Amin is 62 years old and currently lives with his wife, son, and grandchildren in Hay El Sellom, Beirut. Amin’s other three children are spread out between Lebanon and Syria. The distance has taken a toll. One of Amin’s sons disappeared four years ago in Syria, and he has not heard from him since. HelpAge provides psychosocial activities such as group counseling, peer-to-peer support, and social activities for older Syrian refugees as well members of the local Lebanese community. The inclusive program has improved access to health services for the community at large and helped alleviate tensions over strained resources.
“I got married in 1974. We used to live in Halfaya, Rif Hama back in Syria, but we sought refuge in Lebanon after the outbreak of the war. Our stay in Lebanon has gone on far longer than we had hoped. Our 3-month-plan back in 2013 has turned into a 5-years and counting. My son works in a factory, where I used to work when I was young. He gets a daily income of $20 USD and tries to manage our expenses, including our rent of $230 USD per month. With the heavy financial burden, we are perpetually on the verge of survival.
When I first arrived and registered in Lebanon, I had support from UNHCR, but this was cut more than a year ago. That was when my wife told me about the Amel Association (HelpAge local partner). They helped us with medical care and provided vocational training to my in-laws.
My medication for hypertension is no longer available at the center. I am not able to buy it anywhere else, so I now have constant headaches and trembling. I used to go to the health center once a month for doctor’s appointments and medication. It’s now been 5 months since I last went, because I can’t afford the $1.3 USD fee for the appointments. It’s hard to say, “I don’t have money,” so now I’m not doing any tests or taking any medications. My wife has health problems as well. She suffers from hypertension problems, and often falls down.

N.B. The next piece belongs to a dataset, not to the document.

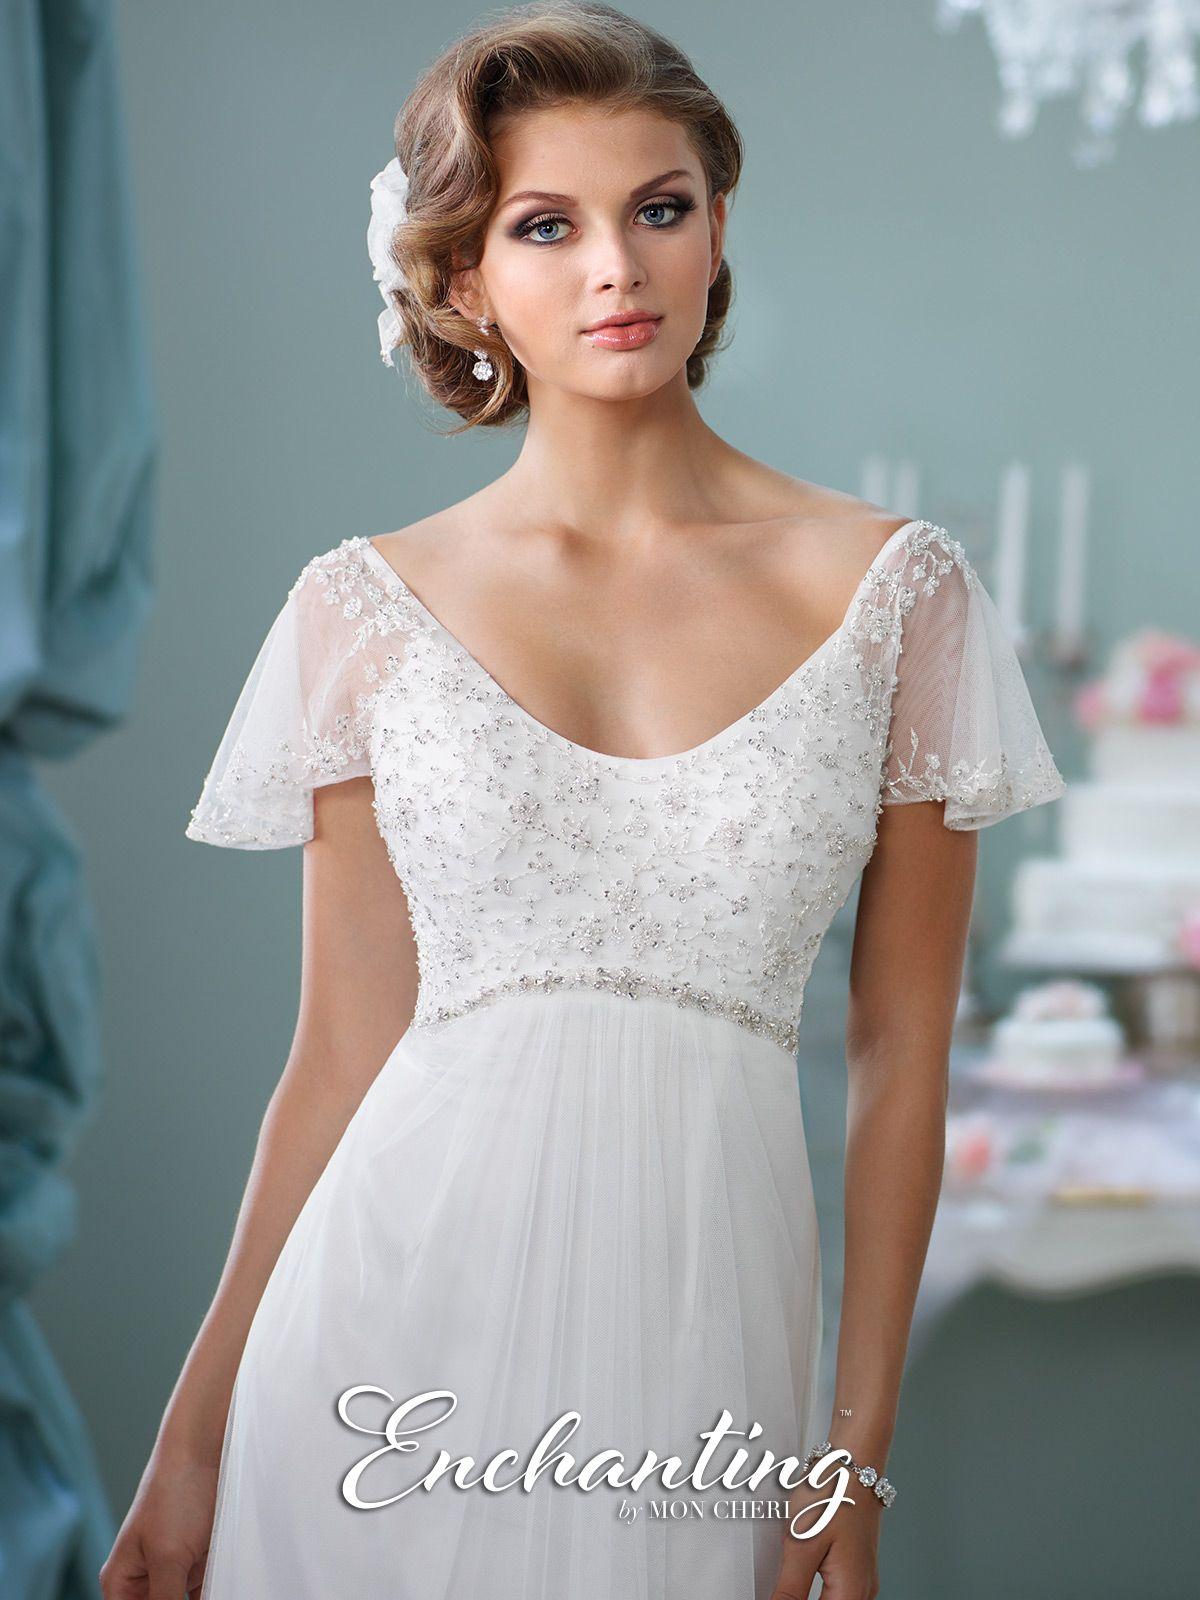 Modern wedding dresses by mon cheri ivory white destination

Even during my childhood, when I was growing up in an orphanage and had no parents, I still managed to keep my dignity. But here in these circumstances, my dignity has been shattered. People look at me and see only a refugee with no home.
Amin's outlook has improved after accessing psychosocial support services provided through HelpAge
That's why I started going to the center in Hay El Selloum--to forget my problems and sadness. Things got better after that. I met a lot of other Syrians here who have similar problems and backgrounds. Knowing I’m not alone made it easier for me to cope. We gather every week and play board games together. My psychosocial support sessions also started last year, and they have helped me a lot."

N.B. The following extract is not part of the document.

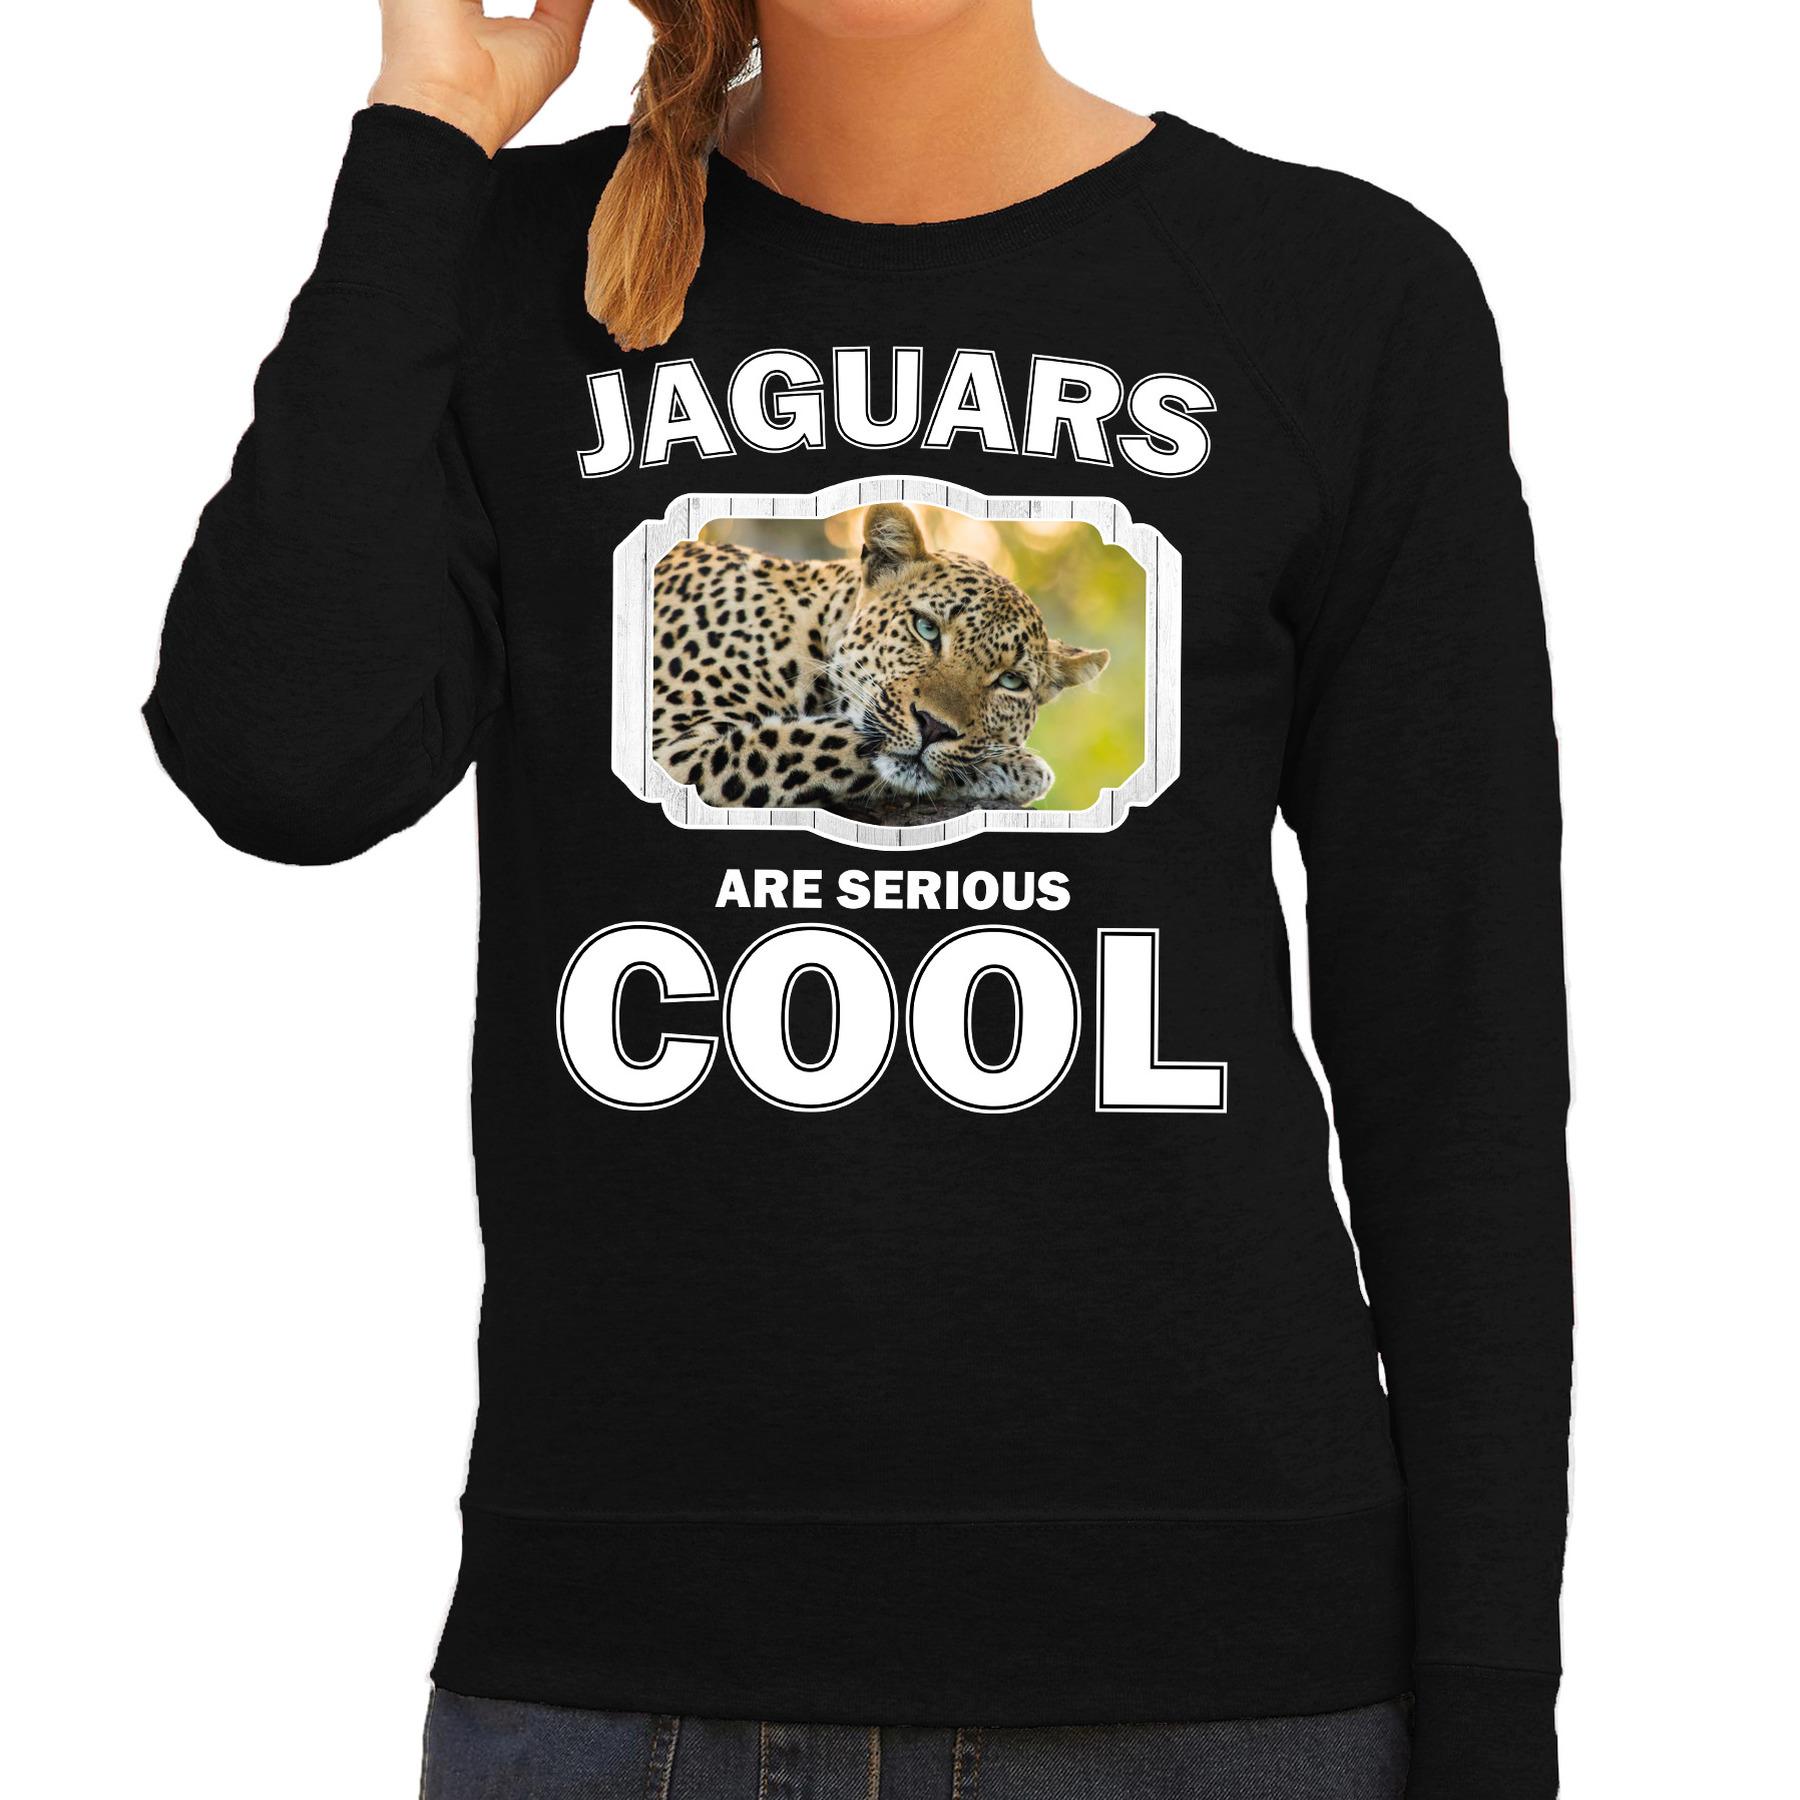 Sweater jaguars are serious cool zwart dames - jaguars/ luipaarden/ luipaard trui

Amin with a few friends at the local community center in Hay El Selloum
The crisis in Syria has created one of the largest refugee movements in the past two decades. In Lebanon, refugees now represent over a third of the country’s total population. Health services are struggling to cope with the huge influx of additional patients. Under these circumstances older refugees often fall to the bottom of the list at overstretched clinics and are seldom prioritized in humanitarian programs. Meanwhile, many refugees are in urgent need of care and medicine for chronic diseases such as diabetes and hypertension. Joint research by HelpAge and Humanity & Inclusion found that 54% of older refugees in Lebanon and Jordan have a chronic health condition. HelpAge is working in Lebanon to build the capacity of local organizations to serve all refugees, especially those who are older.